Anne Heywood obituary, actress best known for lesbian DH Lawrence role

Beauty queen-turned-actress whose erotic role in The Fox, an adaptation of a novella by DH Lawrence, caused a stir
Heywood, right, with Sandy Dennis in The Fox
Heywood, right, with Sandy Dennis in The Fox
WARNER BROTHERS-SEVEN ARTS/GETTY IMAGES

“I don’t think the sight of a naked body ever harmed anyone,” reasoned Anne Heywood when asked, for the hundredth time, about her erotic appearance in The Fox, a 1967 adaptation of a DH Lawrence novella about two women on a struggling chicken farm in rural Canada. “Nudity can be beautiful — and beauty is but the spirit breaking through the flesh.”

Heywood played the tough and reserved Ellen March, who has an affair with the more garrulous and skittish Jill Banford — played by Sandy Dennis — then agrees to marry a handsome sailor (Keir Dullea) who turns up at the wintry farm in search of his grandfather.
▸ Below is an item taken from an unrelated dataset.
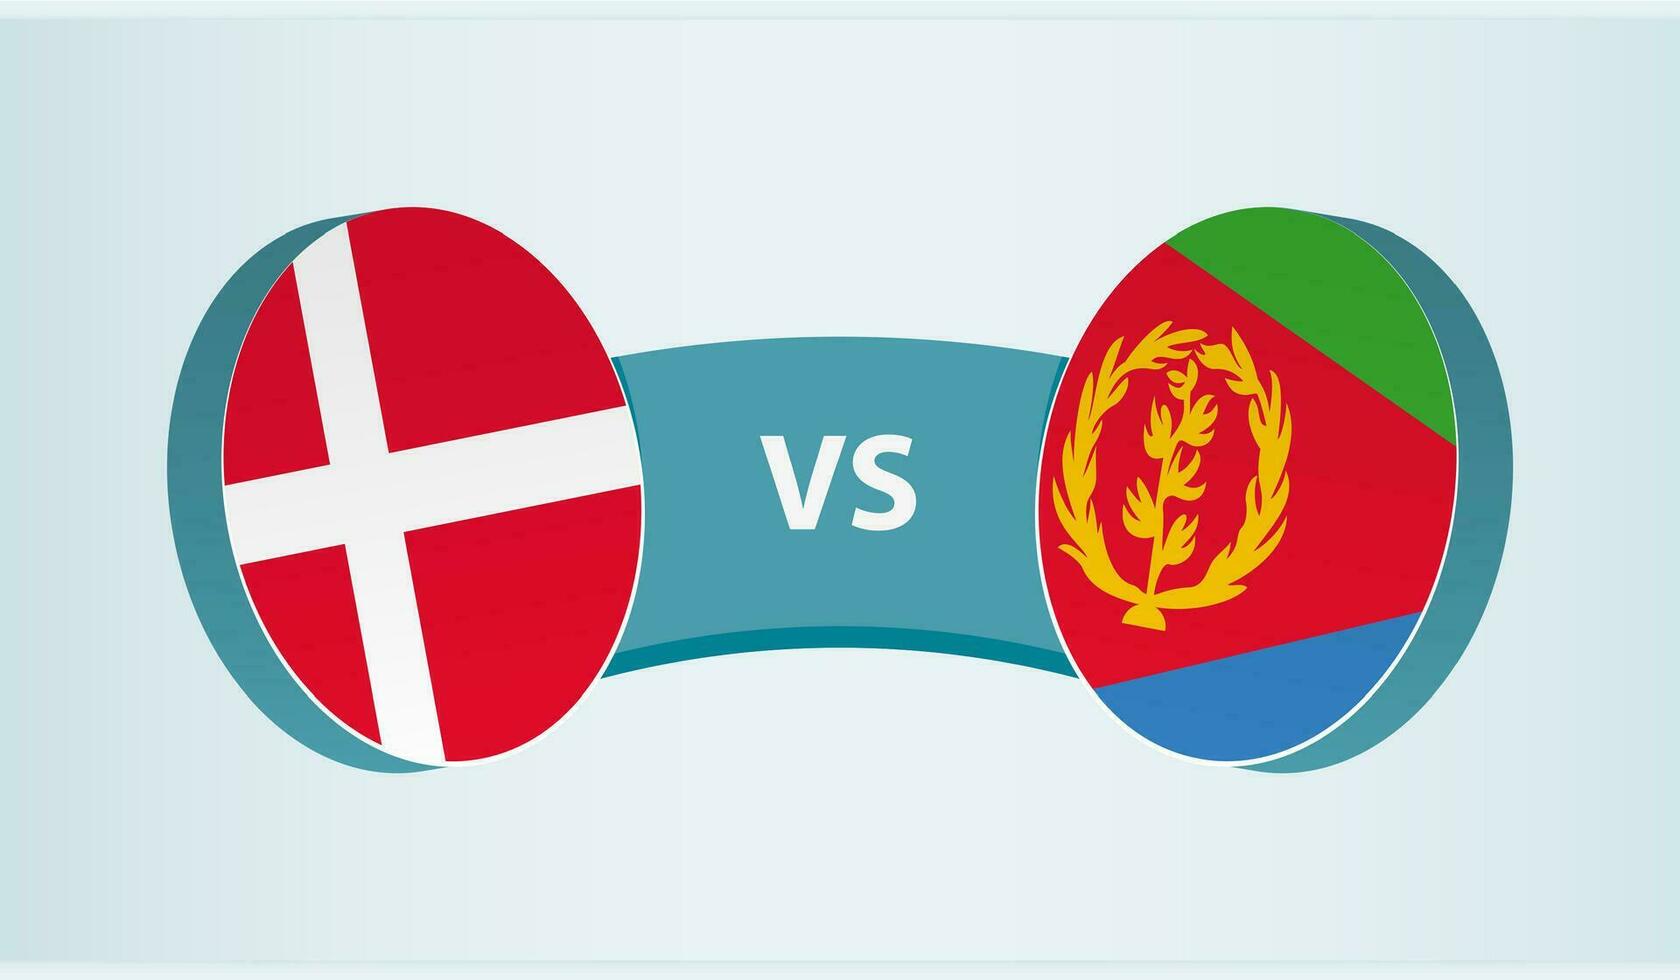 Denmark versus Eritrea, team sports competition concept. vector

Starring in a lesbian sex scene at a time when such content was almost non-existent never fazed Heywood, even when she was hounded by the press after Playboy splashed stills from the film in a feature entitled “The tale of primordial passions”. “I felt the controversial scenes were done with delicacy and taste,” said the Birmingham-born actress. “It means nothing to simply be sensational. Life has to be molded into art.”
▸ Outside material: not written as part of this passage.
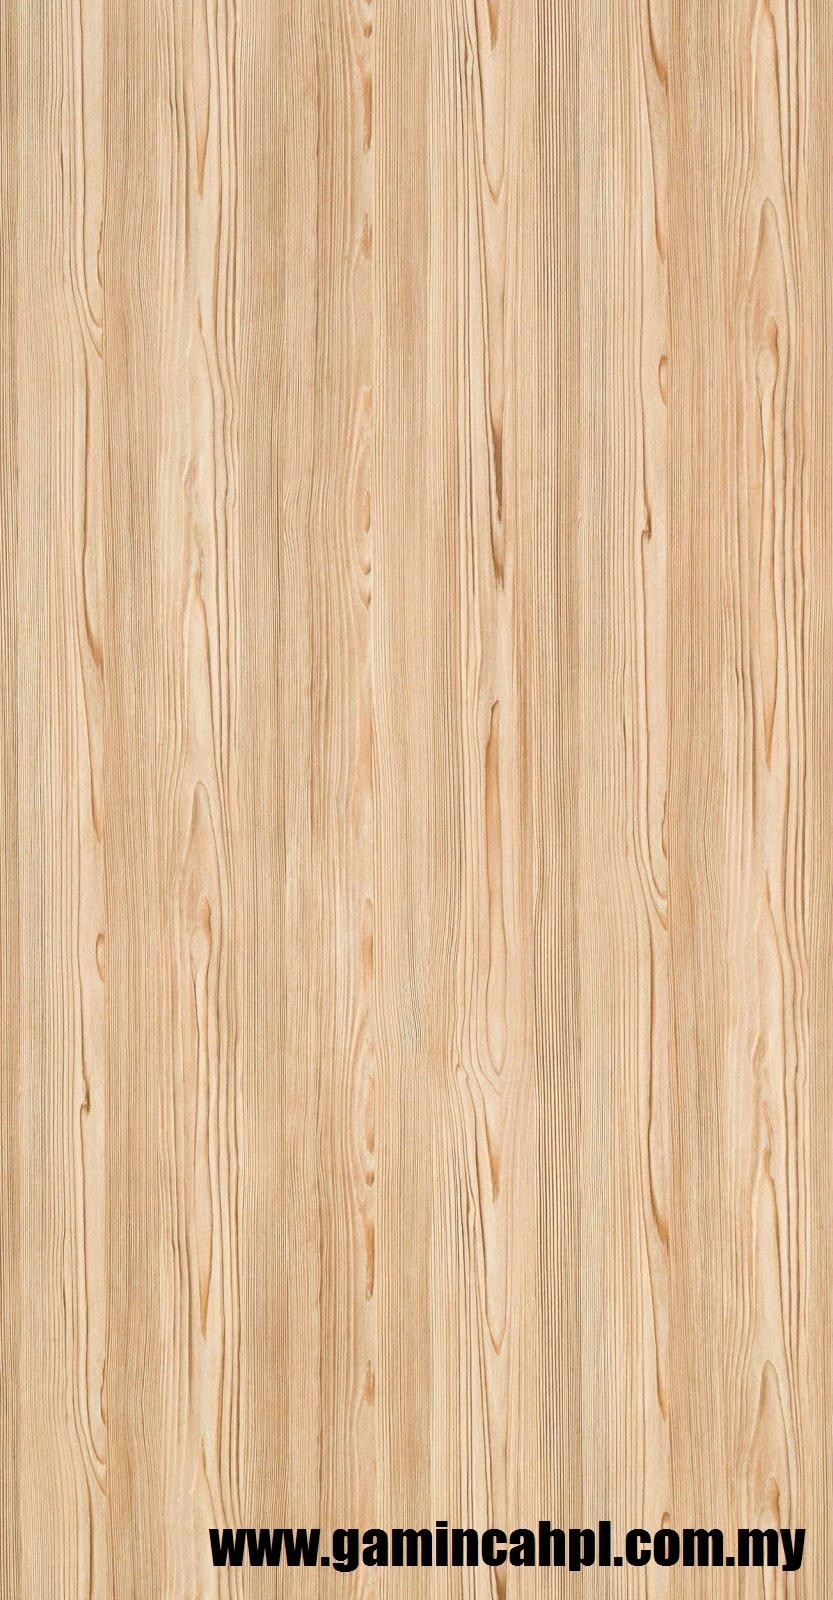 GM10-8090 CITI PINE Authentic Wood Series Laminate Flooring Choose Sample / Pattern Chart

It was produced by her husband Raymond Stross, who was 16 years her senior and just as nonchalant about the nudity, explaining: “I am never embarrassed by good taste — only by pornography.” He lobbied for The Fox for more than a year but producers were wary, despite the fact that Hollywood had the year before rejected the Hays moral code, a set of censorship guidelines in place since the 1930s which discouraged, among other things, “sexual perversion” on screen.

Dennis and Heywood in The Fox – Heywood said she wanted to play “full-blooded sexual women, but I never got a chance in England“
Dennis and Heywood in The Fox – Heywood said she wanted to play “full-blooded sexual women, but I never got a chance in England“
BETTMANN/GETTY IMAGES

Heywood was determined because she believed in the character and the story, and the lesbian scenes, she said, were only a small part of that. “In the last paragraph, when Ellen marries the man and goes away, Lawrence writes that she would remain her own woman,” she reflected. “That’s Ellen! She was concerned with the autonomy of the human being. She was a wife, but also a woman and an individual. She demanded the respect which women have fought for and are eventually beginning to win.”

Despite the moral outrage — one court in Mississippi convicted a cinema owner of obscenity after a screening of the film — The Fox won best English-language foreign film at the 1968 Golden Globes and Heywood was nominated for best actress, shooting her to fame as both a serious actress and an international sex symbol. “It was always there, I always wanted to play full-blooded sexual women, but I never got a chance in England,” she said. “I don’t know what the producers saw when they looked at me.”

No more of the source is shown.